Manolo García siempre ha dicho que su corazón es «doble», mitad catalán y mitad albaceteño. Y si alguna duda quedaba, basta escucharle recordar su infancia en Férez -el pueblo de sus padres y abuelos- para entender que en aquellas calles estrechas, en los bancales secos de la Sierra del Segura y en las tardes de huerto con su abuelo, se forjó buena parte del artista que hoy sigue llenando teatros en todo el país.
En el podcast ‘Por el principio’, García abre la puerta a ese universo rural que lo marcó para siempre. Una infancia humilde, intensa y profundamente ligada a la naturaleza y a la gente de Férez.
Una casa humilde
Manolo nació en Barcelona en 1955 y creció en un barrio obrero al que sus padres habían llegado escapando de la dureza del campo albaceteño. La precariedad era la norma. «No teníamos agua corriente. Yo iba a la fuente con cacharros para cargar agua para cocinar y lavarnos… Yo no sabía lo que era una ducha», recuerda.
Aquella vida modesta contrastaba con la que disfrutaba cada verano en Férez, donde la escasez también estaba presente, pero el ambiente era distinto, más ligero, más comunitario y más libre.
«Estábamos asilvestrados»
En el pueblo, los niños campaban a sus anchas por el campo, entre huertos, acequias ancestrales y animales que formaban parte del paisaje cotidiano. «En los pueblos reinaba un ambiente más liviano, el aire corría fresco y puro, y los chavales estábamos asilvestrados», cuenta.

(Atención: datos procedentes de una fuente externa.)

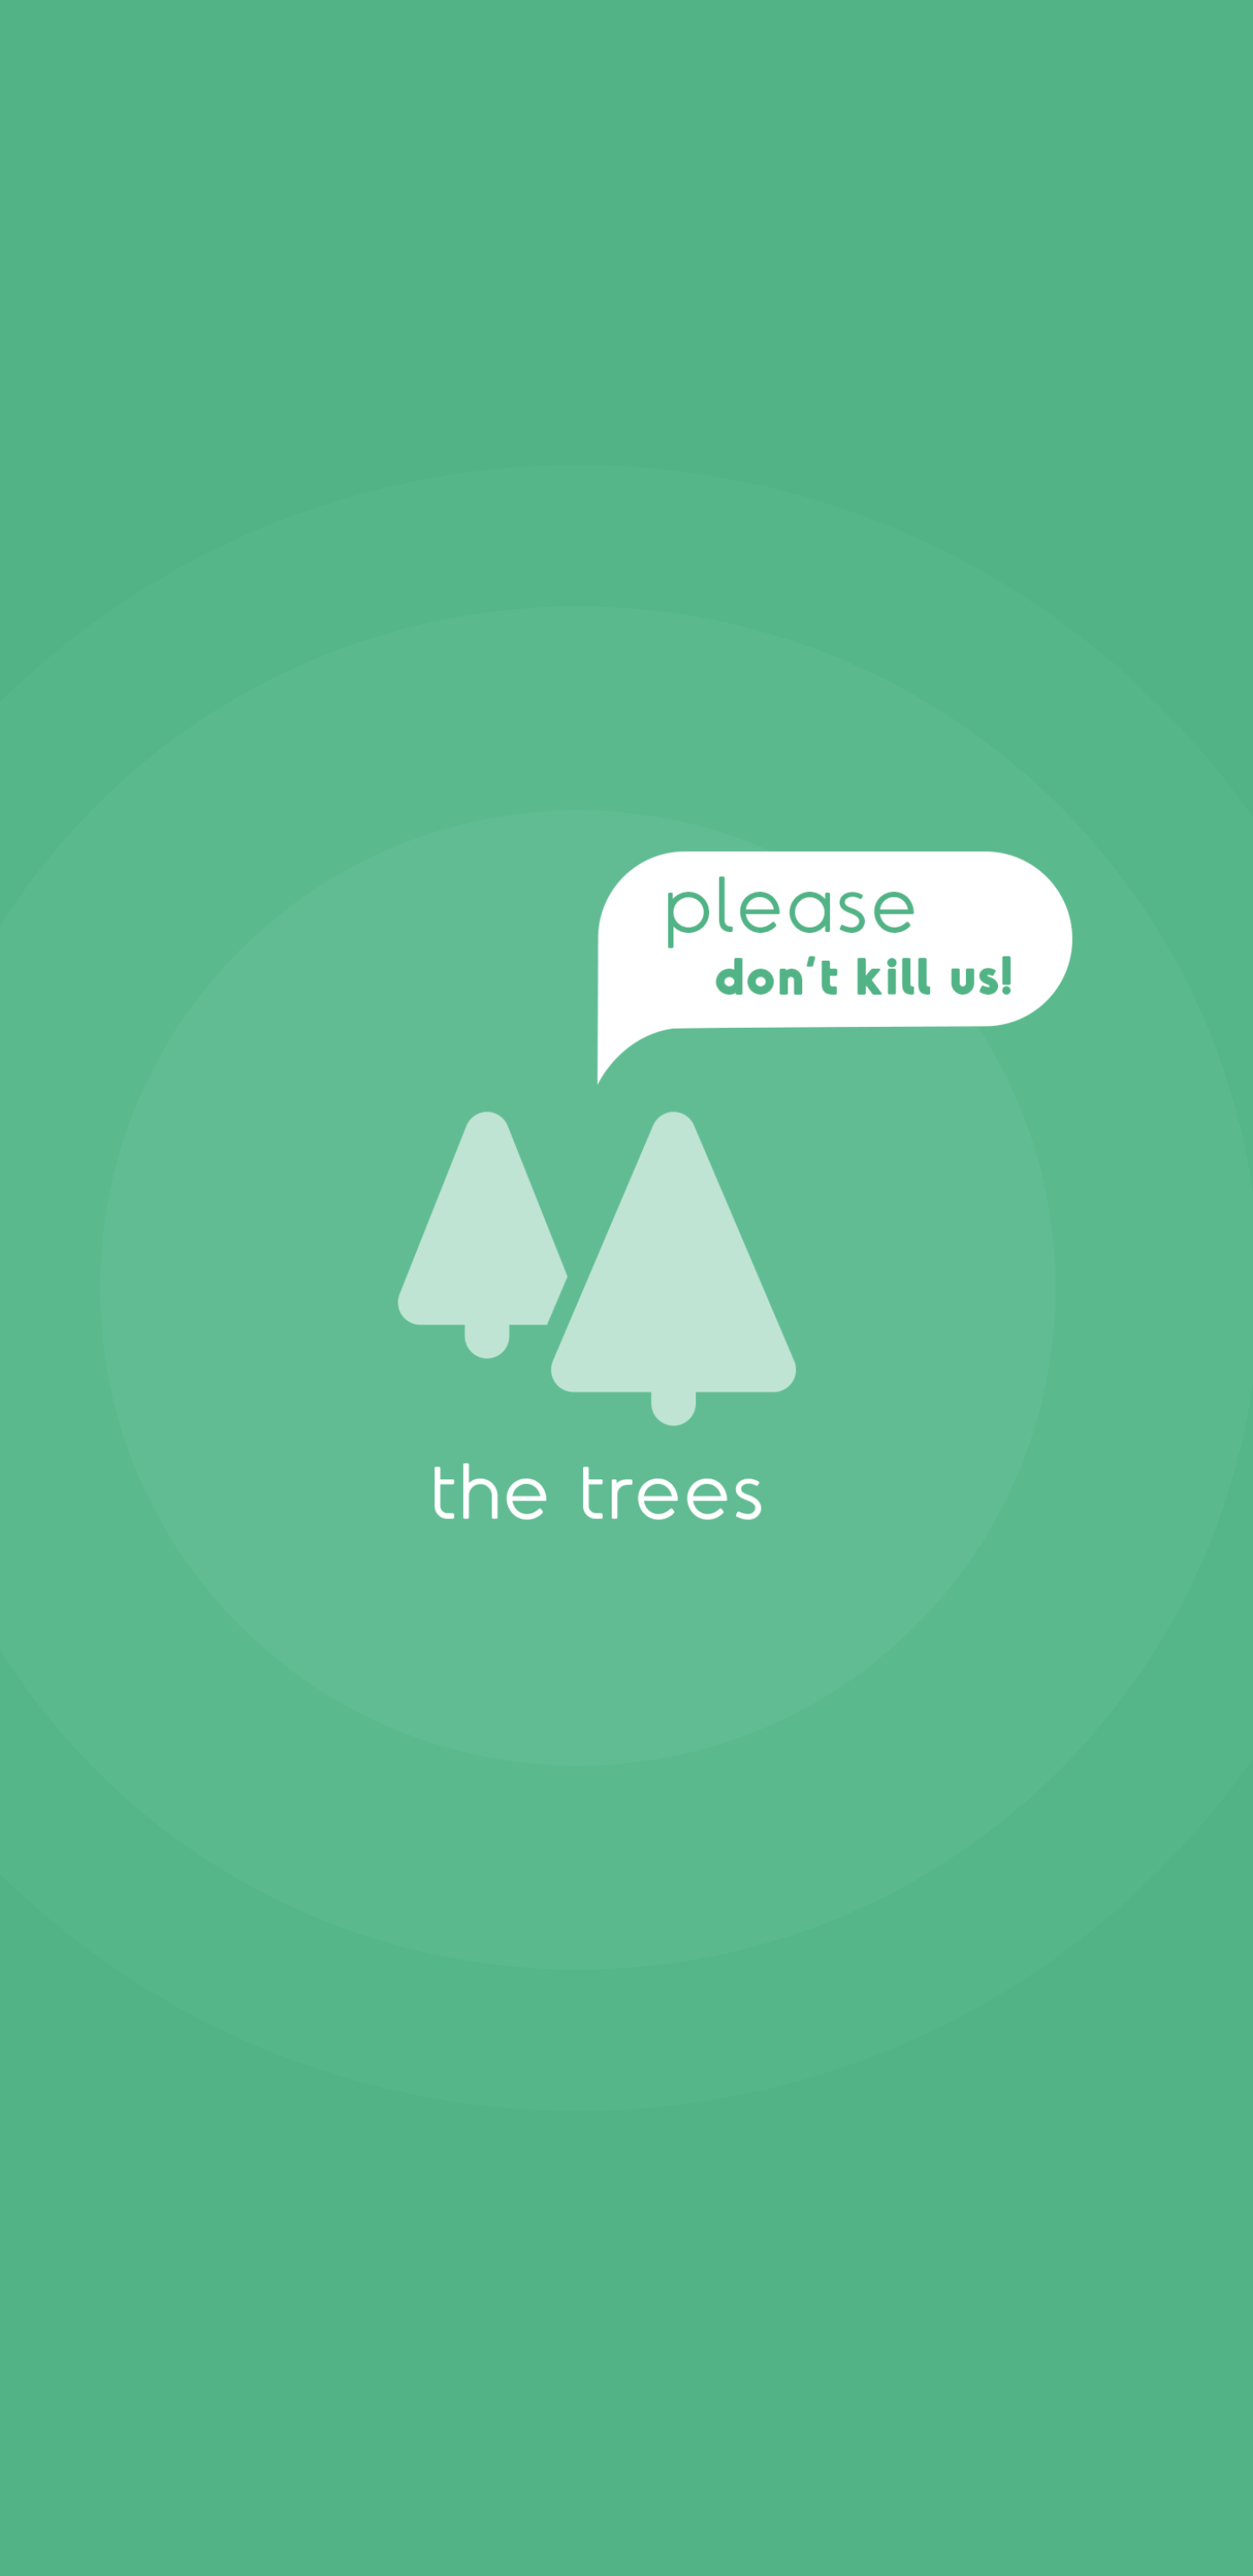 Don't kill the trees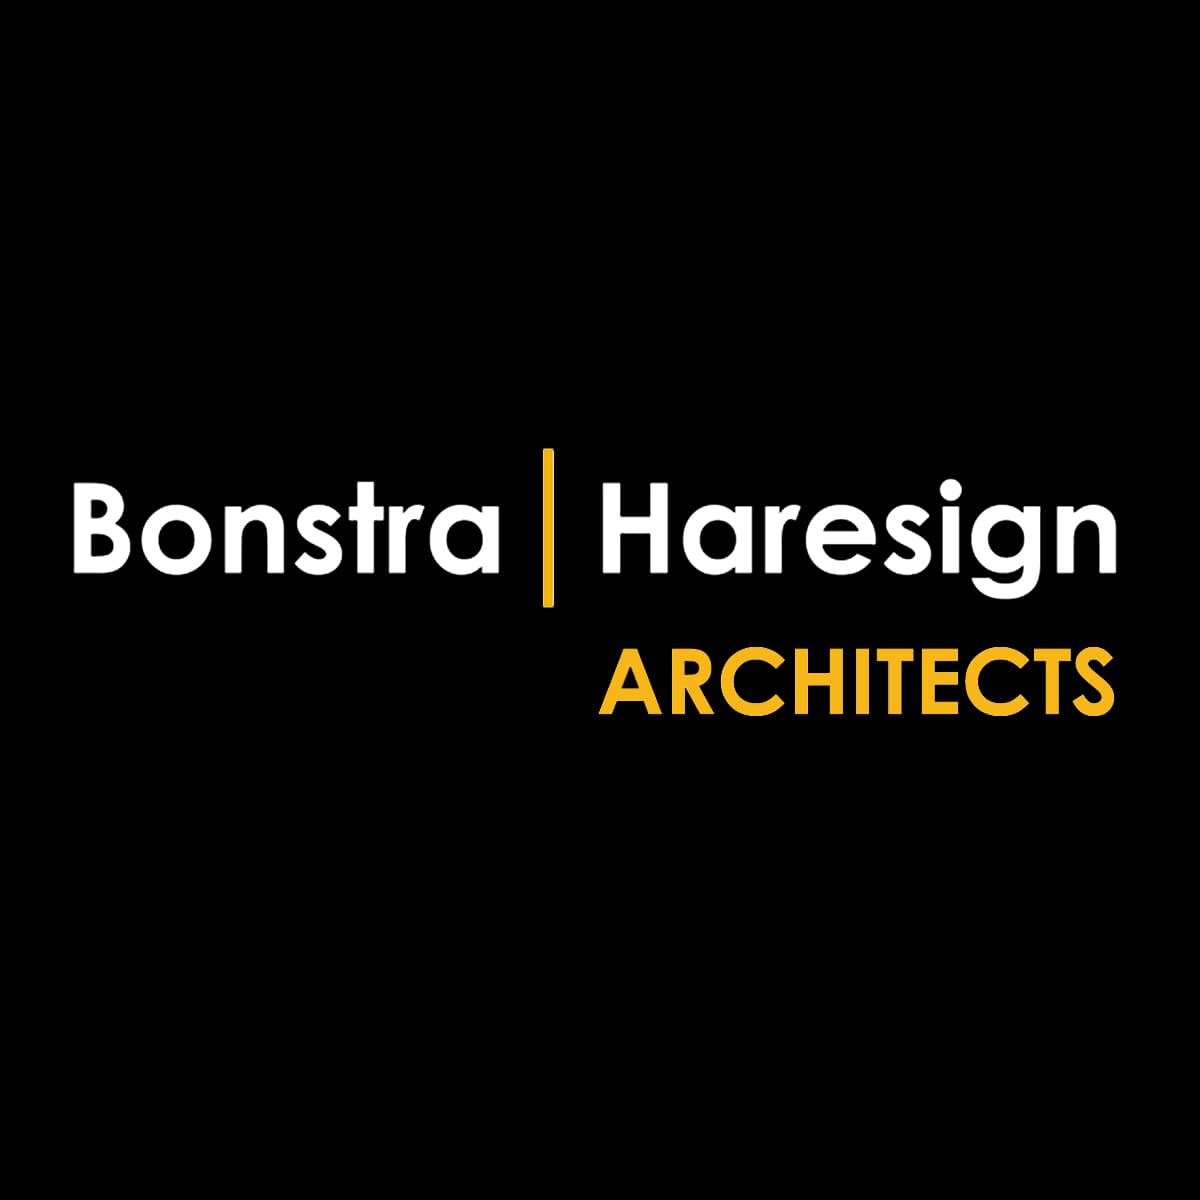 Bonstra Haresign Architects

Las calles, los corrales y las eras eran territorio de juegos y aventuras. Cada casa criaba un cerdo -o dos, en las familias que podían permitírselo- y la matanza era toda una celebración que el joven Manolo vivía con asombro. Eran tiempos en los que se combinaba la dureza del campo con una sensación de libertad que hoy recuerda con emoción: «La sensación que un niño obtiene de todo eso es de libertad. Esa es la palabra».
Huertos de supervivencia
Férez, zona de secano, vivía entonces pendiente del agua, ese tesoro que se repartía por turnos entre los vecinos. García recuerda perfectamente aquellas noches ayudando en el huerto: «Había una red de acequias ancestrales. El agua era poca y se repartía por horas. Los pequeños huertos eran de supervivencia familiar».
Si hay un recuerdo que late con fuerza en las palabras del artista, es el de su abuelo materno, Julián.
«Era una bellísima persona. Me emociono al pensar en él. Lo tengo siempre en mi mente. Cuando tengo un problema, hablo con él», confiesa.
Julián, hombre de campo, cariñoso y paciente, había perdido a cuatro de sus seis hijas. A las dos que le quedaban -la madre y la tía de Manolo- las colmaba de afecto. Con él aprendió el valor de la sencillez, de las flores, del esfuerzo y de la bondad.
La era, los primos y la vida compartida
La era era otro de los escenarios fundamentales. Allí se trillaba con mulas y burros, se charlaba, se compartía la merienda y se fortalecían los vínculos familiares. «Los primos siempre juntos, contando historias. Ese recuerdo es imborrable. Éramos los olores, los sabores… Éramos felices», resume. Eran tiempos en los que la vida funcionaba en comunidad: «Hoy te ayudo yo a ti, y mañana me ayudas tú a mí. Estaba la compañía, la alegría, comer juntos…».
Manolo García fue testigo de los últimos coletazos de una forma de vida que ya se iba apagando. Una España rural hecha de esfuerzo y solidaridad, de trabajo en la tierra y de veranos interminables. Y, sin embargo, su influencia perdura, en su música, en su pintura, en su sensibilidad y en su forma de entender el mundo.